Programming With Transactional Systems

Commit and Rollback

Transactions either commit or rollback. Until a transaction is committed, it is assumed none of the work it has done is saved. Once a commit signal is issued by the application (either through an API call, or by a container), this work is actually performed by the transaction processing engine that's being used. If for some reason the commit fails due to an error scenario, or some other runtime exception occurs, we assume that the integrity of the transaction has been compromised and the transaction rolls back, removing any work done up to that point. When a rollback occurs, the transaction must be resubmitted.

At its most basic, rollback is simply an undo mechanism, used to revert all changes back to the original state before the transaction began. To do this, we need to keep a copy of the original state before any changes, and if we need to rollback, we must reinstate the previous copy. Since there is always the possibility of multiple transactions running, concurrency control comes into play - we want to rollback to the last committed state, not just the state before beginning a single transaction. For example, consider this scenario: Alice and Bob both need to submit changes to a source code file under version control, and Alice and Bob must be able to turn in (commit) their changes at the same time in order to meet a deadline. The source code management system must ensure both transactions are consistent - that the data is recorded properly, but also make sure that the transactions are durable - that Alice's changes (that were committed first) were not overwritten by Bob's changes. If you had to implement this behavior that's provided by the SCM system, how would you do it?

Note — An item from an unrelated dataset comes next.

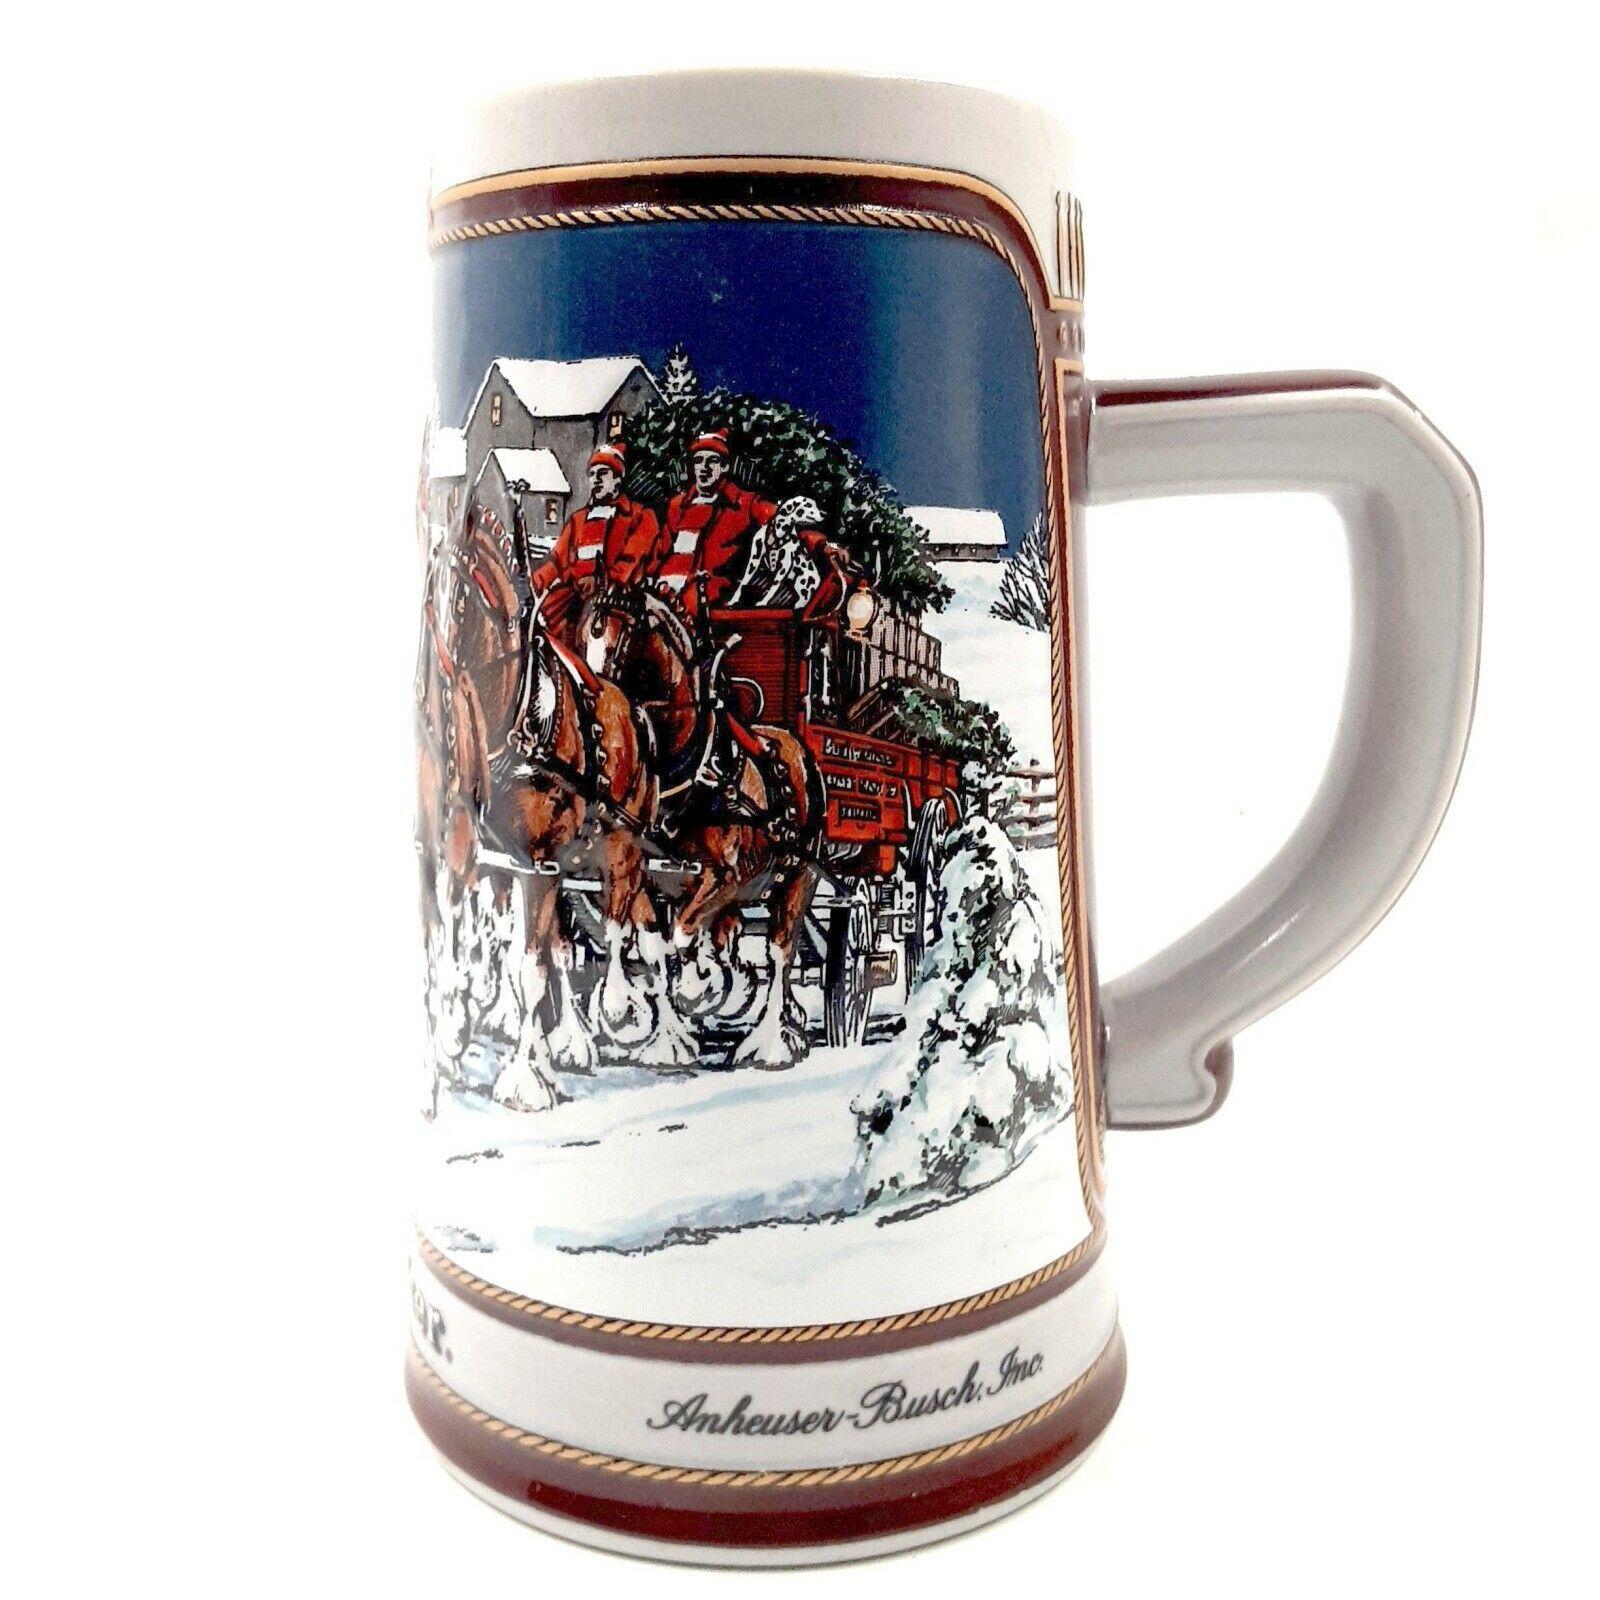 Vintage 1989 Anheuser-Busch Budweiser Clydesdales Collector's Series Beer Stein - $14.99

One way to think about the core of transaction processing engines is the Memento Pattern - as you perform actions within a unit of work that manipulate your application state, the transaction processor keeps track of sets of state changes and what the most recently committed state was. This way, when Bob goes to commit his work (after Alice), the SCM system can tell that the state of the resource he was working on has changed since he started his work, and can take steps to remedy the situation. This is a simplified view of what is going on: the steps to remedy Bob's situation are not always straightforward. Also, providing this transactional behavior through network protocols, in a distributed environment, across different types of transactional resources, etc. all introduce complexity. But all complexity and bugs aside, the essence of transactions, that is, commit and rollback, should retain the simple semantics we outlined above.

Transactional API Code

We've talked a lot about transactions so far, but haven't seen much in the way of code. To a large extent, we'd like to make transactions configurable, for many of the same reasons we tend to make other parts of our code configurable. But before going too deep into how to configure your code for transactions, let's look at how you can control transactional APIs through code ("by hand"), first. Boilerplate code for working with a transactional resource often looks like this:

public class TestProcess {
 // ...
 public void process() {
 // open connection to resource
 // create transaction object
 // call begin on transaction object
 try {
 // perform interaction with resource
 // call commit on transaction object
 } catch (Exception e) {
 // call rollback on transaction object
 } finally {
 // call close on connection object

Problem: Transactional API code mixed in Application Code

Imagine writing code without using any transactions at all, that is, without any of the rollback semantics that we talked about above. If the code is to work correctly in all scenarios, it needs to include a substantial amount of cleanup code. Cleanup code and retry code, in general, is messy code. There are a lot of corner cases and expected failures that could occur, not to mention unexpected failures/error scenarios that need to be sorted out. The unassuming rookie programmer usually ignores these cases up front, and tackles adding error handling as he or she discovers the errors. This can make maintenance significantly more difficult because all business logic devolves into the arrow antipattern: becoming littered with if-else statements that inhibit readability and stifle the ability to refactor to a more suitable design. While this is not a big deal in prototyping or non-critical scenarios, when we need to count on data integrity, it's not an adequate approach.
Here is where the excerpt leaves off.